Se houve encobrimentos e omissões, ficaram a dever-se à falta de fidelidade para com as disposições do Papa e do Magistério.
A ATUAÇÃO DE BENTO XVI
O Papa Bento XVI, primeiro como Prefeito da Doutrina da Fé, e depois como Papa, é sem dúvida nenhuma aquele que mais se empenhou na eliminação desta chaga da Igreja. Leia-se a recente Carta aos católicos irlandeses, em que procede a uma clara condenação do fenómeno e a um enérgico convite aos bispos para que assumam as suas responsabilidades na reparação do mesmo e na tomada de medidas que impeçam a sua repetição no futuro. O Papa deu provas da mesma clareza e determinação na viagem que fez aos EUA (veja-se aqui uma resenha das intervenções que fez sobre a pedofilia) e à Austrália (veja-se aqui uma resenha das intervenções).
OS CASOS QUE APARECERAM NA MÍDIA.
Foram recentemente trazidos à baila nos jornais alguns casos de pedofilia que, de uma maneira ou de outra, parecem dizer respeito ao Pontífice. Vistos de perto, todos eles mostram a conduta clara de Ratzinger:
1. Padre Murphy, em Milwakee: trata-se do caso de um sacerdote acusado de crimes de pedofilia nos anos 70. De acordo com os documentos, a Congregação para a Doutrina da Fé (de que Ratzinger era na altura o Prefeito) foi consultada vinte anos depois dos factos, devido a uma acusação de crime de solicitação (e não por causa dos abusos).

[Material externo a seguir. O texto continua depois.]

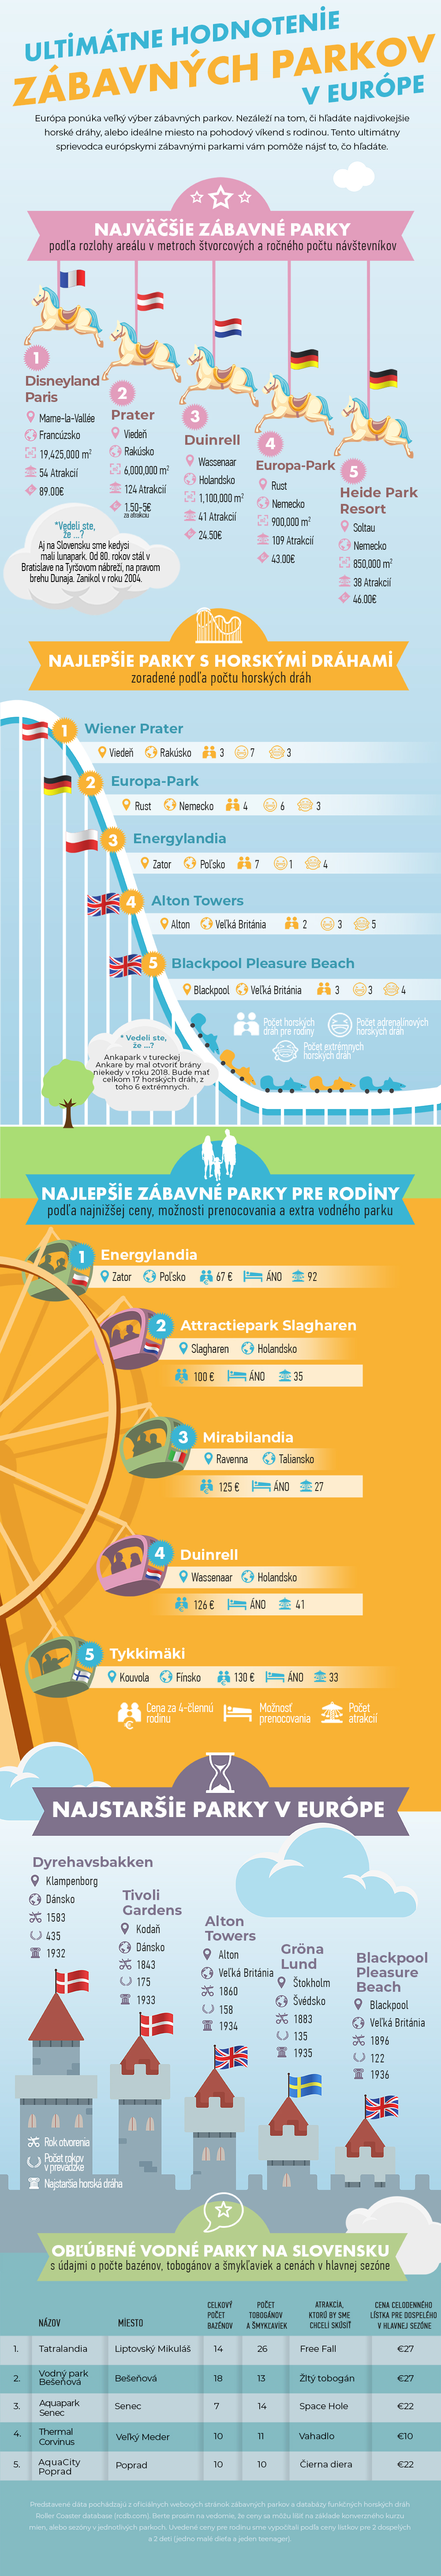 Ultimátne hodnotenie zábavných parkov v Európe - infografika

A Congregação ordenou que, apesar de terem decorrido muitos anos sem indícios de novos crimes e de a justiça civil ter arquivado o caso, o sacerdote se mantivesse afastado de actividades pastorais (veja-se aqui a descrição completa do caso).
2. Padre Kiesle, de Oakland: trata-se do caso de uma carta de 1985 em que o Cardeal Ratzinger não concede apressadamente a dispensa do celibato a um sacerdote acusado de pedofilia que já era alvo de um processo para expulsão do sacerdócio. Alguns meios de informação confundiram as duas coisas: a dispensa do celibato (que é uma concessão) coma a expulsão do sacerdócio (que é uma pena) (veja-se aqui a descrição completa do caso).
3. Padre H da arquidiocese de Munique e Freising: pedófilo que foi transferido para a diocese quando Ratzinger era arcebispo da mesma. O caso remonta a 1980, veio à luz em 1985 e foi julgado por um tribunal alemão em 1986. O Cardeal Ratzinger desconhecia os factos, como reconheceu o então vigário geral da diocese (veja-se aqui a descrição).
4. O irmão do Papa: dois casos de abuso que tiveram lugar em Ratisbona por volta de 1958 pareceram envolver o irmão do Papa. Na realidade, trata-se de casos já conhecidos, juridicamente encerrados e que dizem respeito a um período diferente daquele em que Georg Ratzinger dirigiu o coro (1964 a 1994) (veja-se o já citado artigo de Tornielli que explica os dois casos).
O CELIBATO NÃO TEM NADA A VER COM A PEDOFILIA
Também se falou de um nexo entre pedofilia e celibato. O psiquiatra Manfred Lutz, um dos maiores especialistas no tema, explicou numa entrevista recente que tal nexo é na realidade inexistente; pelo contrário, os especialistas afirmam que as pessoas que vivem a abstinência sexual correm menos riscos de cometer abusos, em comparação com as pessoas casadas. No já citado artigo de Introvigne, são referidos os estudos de Philip Jenkins, que mostraram que há mais casos de pedofilia entre as diversas denominações protestantes, cujos pastores podem contrair matrimónio; por outro lado, os já referidos 6.000 casos de abusos verificados nos Estados Unidos no mesmo período em que se verificaram os dos eclesiásticos foram cometidos, na sua maioria, por pessoas casadas. Em suma, não parece haver qualquer relação entre o celibato e a pedofilia.